Throughout the second session of the Institute of Directors Annual Global Conference 2021 there was one phrase that seemed to arise again and again: “people, profit & planet”. Whether it was about improving employee working conditions, increasing the wellbeing of communities they operate in, or reducing environmental impact, I felt an urgent drive from business owners to have a more meaningful impact on the world beyond the profits they provide to their investors.

However, I tend to hesitate at the use of catchy phrases like ‘people, profit & planet’ – perhaps because of an innate scepticism (or even pessimism), or maybe it just seems too simple. And so, I felt compelled to investigate further and decide whether this uneasy apprehension had any right to be there at all.

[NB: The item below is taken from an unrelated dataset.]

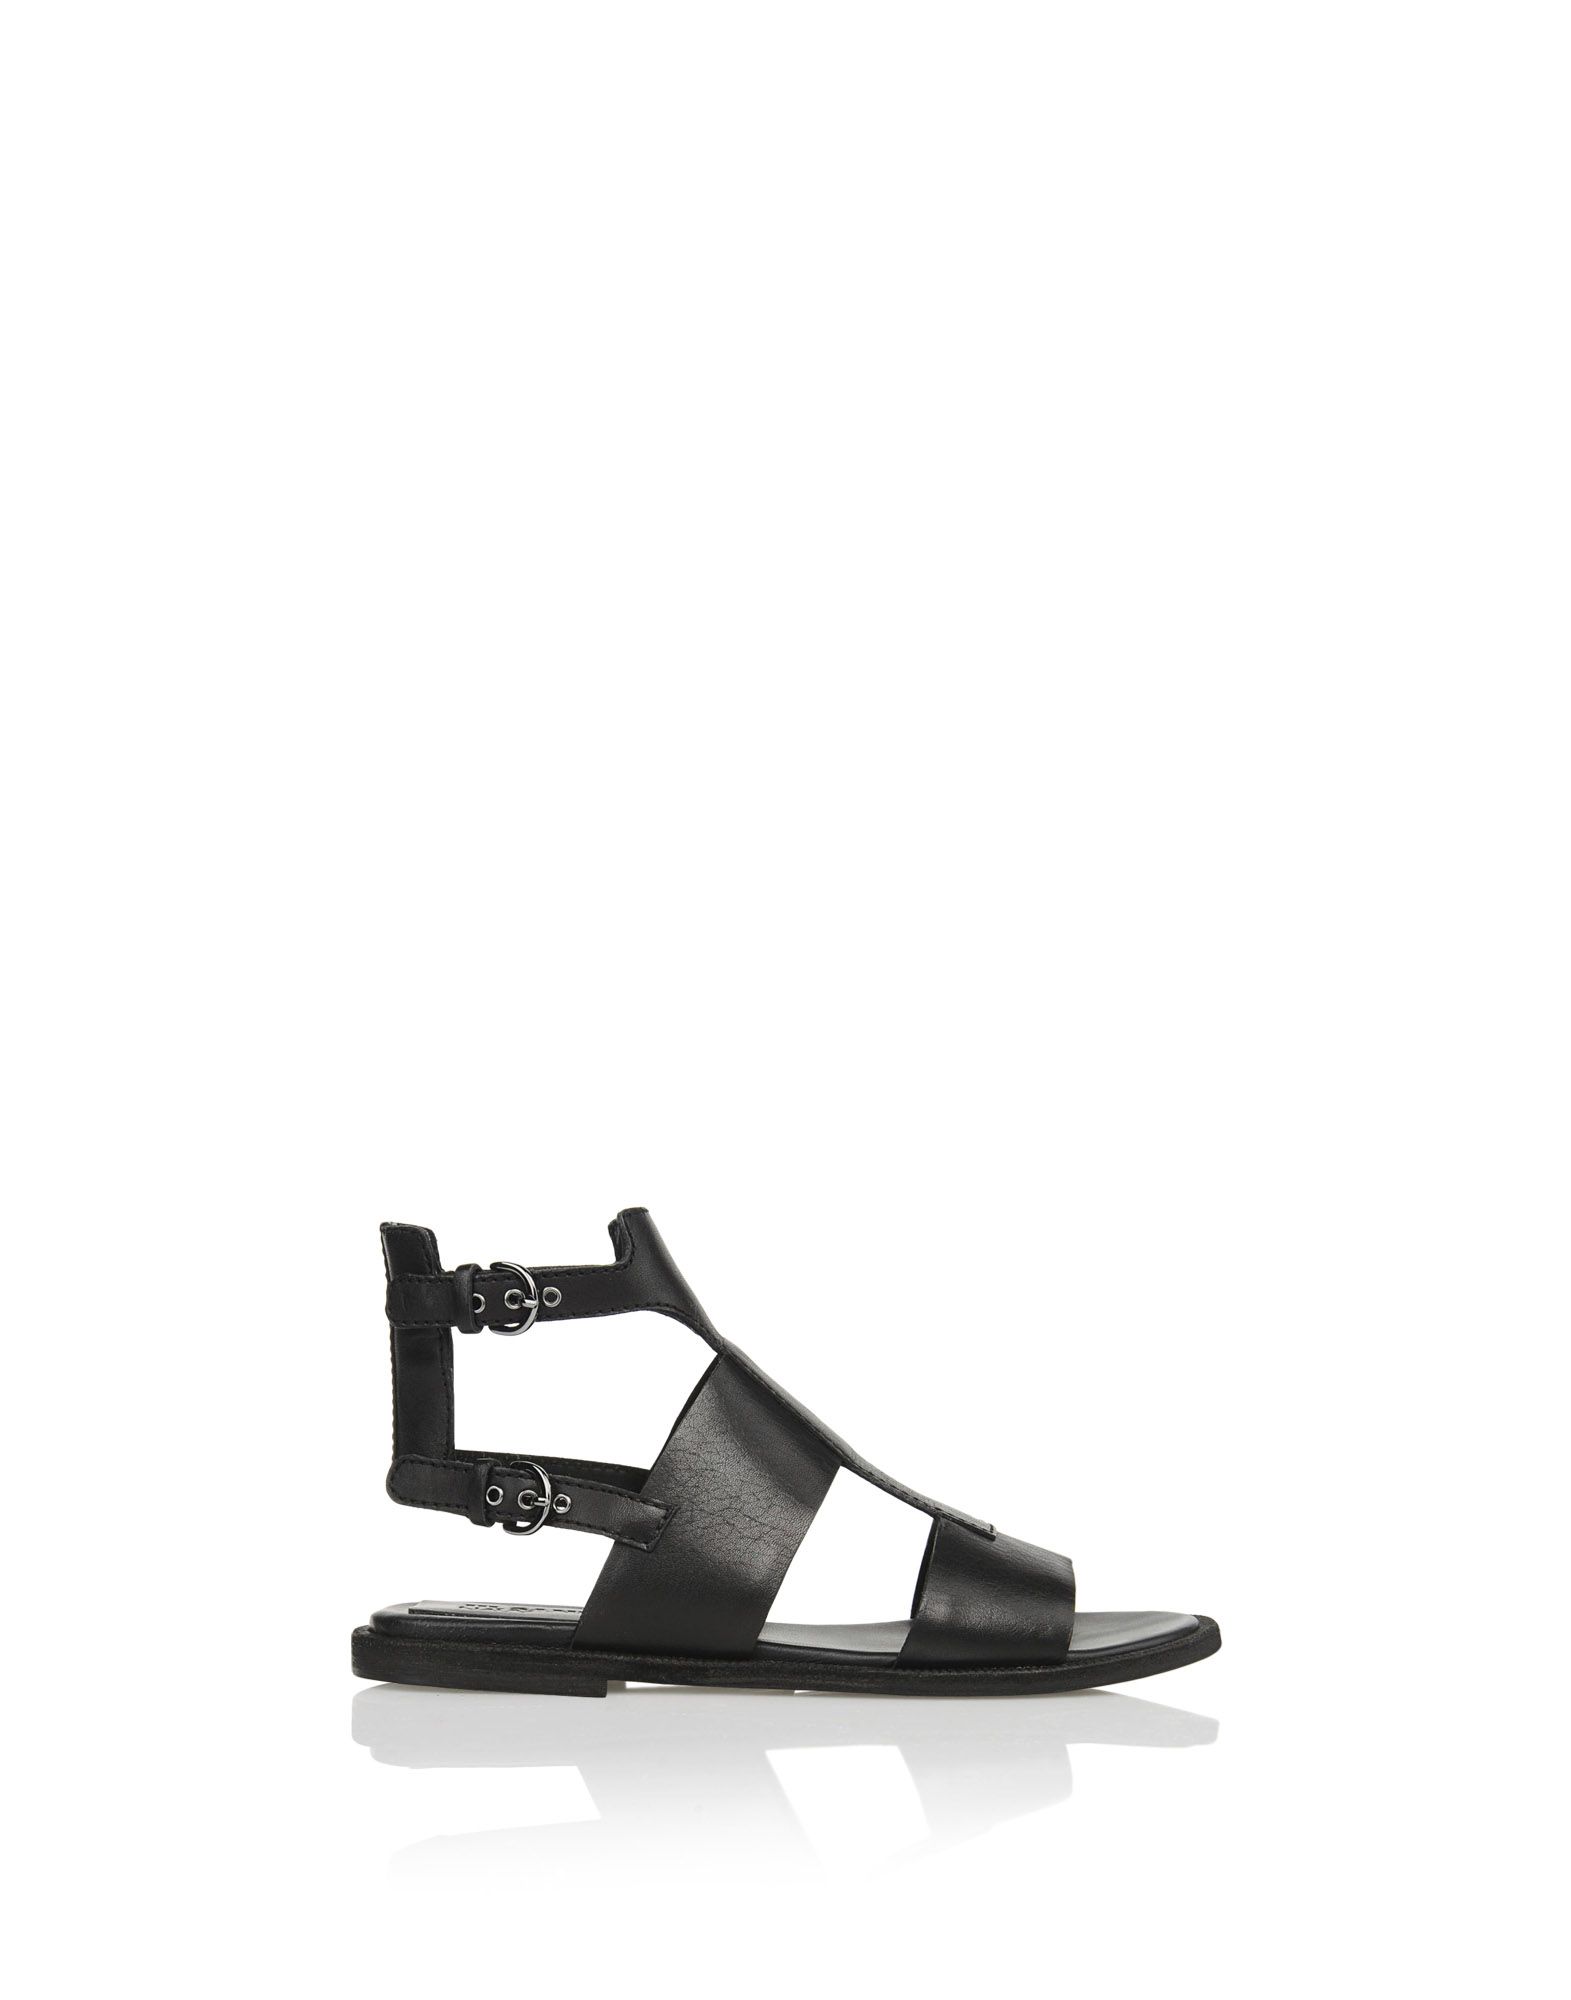 Sandals Women - Shoes Women on Jil Sander Online Store
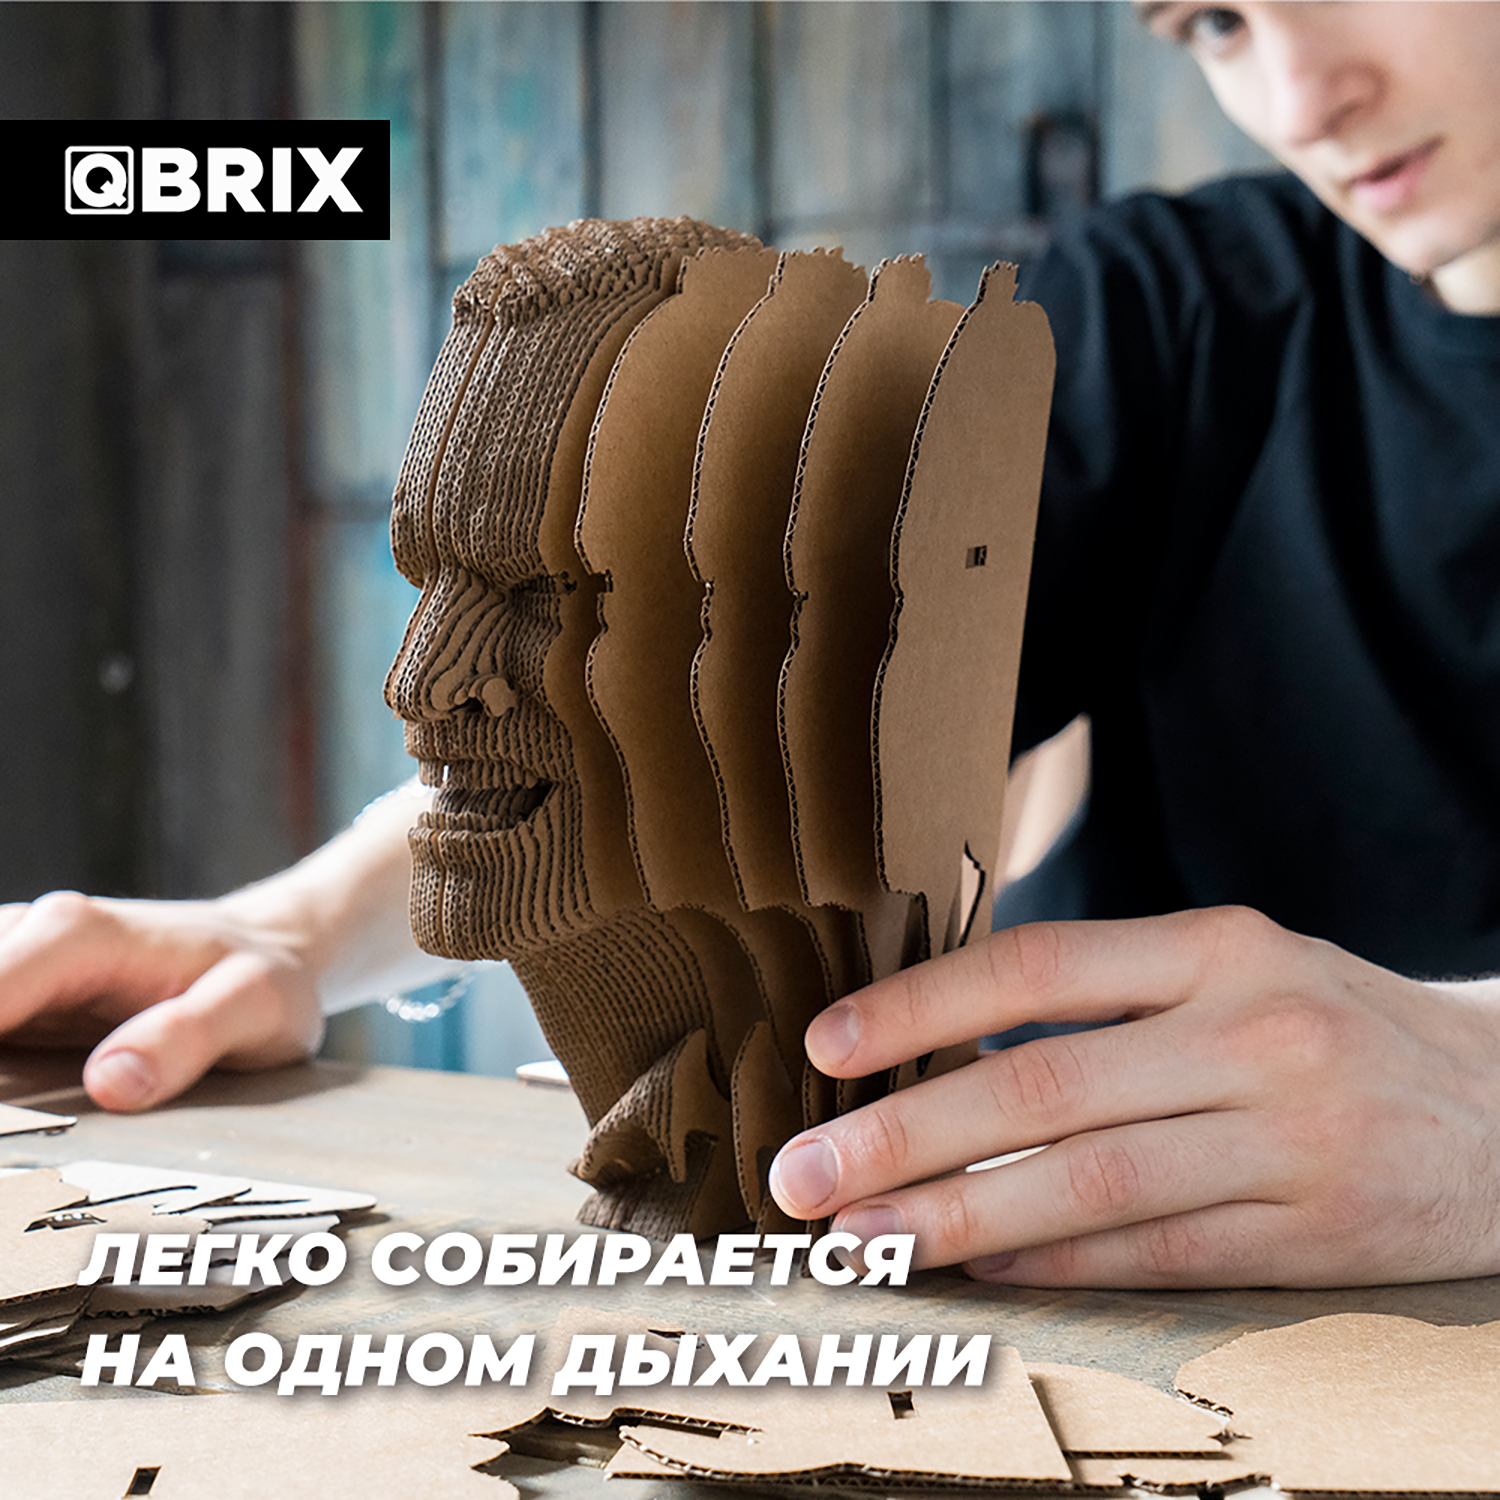 Конструктор QBRIX 3D картонный Книжный Маньяк 20006 20006 - фото 9

Douglas Lamont (CEO of innocent drinks) spoke very well of the ways in which innocent had built the essence of ‘people, profit & planet’ into its foundations. And it certainly seems to be a successful example of how companies might prioritise the environment, local communities, and the bank accounts of shareholders. Innocent is committed to giving 10% of its overall profits to charity, reaching net zero emissions by 2030, and proving that “sustainable capitalism” works.

Let’s stop there.

Have you heard of another phrase – ‘there’s no ethical consumption under capitalism’? If not, here’s the gist:

Capitalism is fundamentally an economic system designed to put profit above all else (including people and planet), driving exploitation of land, resources, and human labour for the purpose of endless economic growth through the consumption of goods. Individual companies may do this to a lesser extent than others, but that does not change the fact that they could not survive without the perpetual expansion of profit. And what if they fail to do this? Will shareholders take a loss in profits in order to uphold commitments to people and the environment? Well, innocent (while they truly are doing amazing things) are owned by Coca-Cola – the corporation consistently reported as the world’s largest plastic polluter year after year. But I’ll let you decide how much faith to put in Coca-Cola’s business practices.

Kate Chambers (2050 Climate Group) asked an interesting question: how can we expect our businesses to be ‘good’ if the system is not? How will we ever find balance between ‘people, profit & planet’ if we function within a system built on the principle of capital accumulation above, or at the direct expense of, everything else.

I do not have one single solution to offer at this point, I can only encourage you to look into alternatives striving to build a better and more equitable system. This includes the ‘circular’ and ‘wellbeing’ economy, and business models such as ‘co-operatives’ and intentionally ‘not-for-profit’ enterprises (often thriving with thousands of employees).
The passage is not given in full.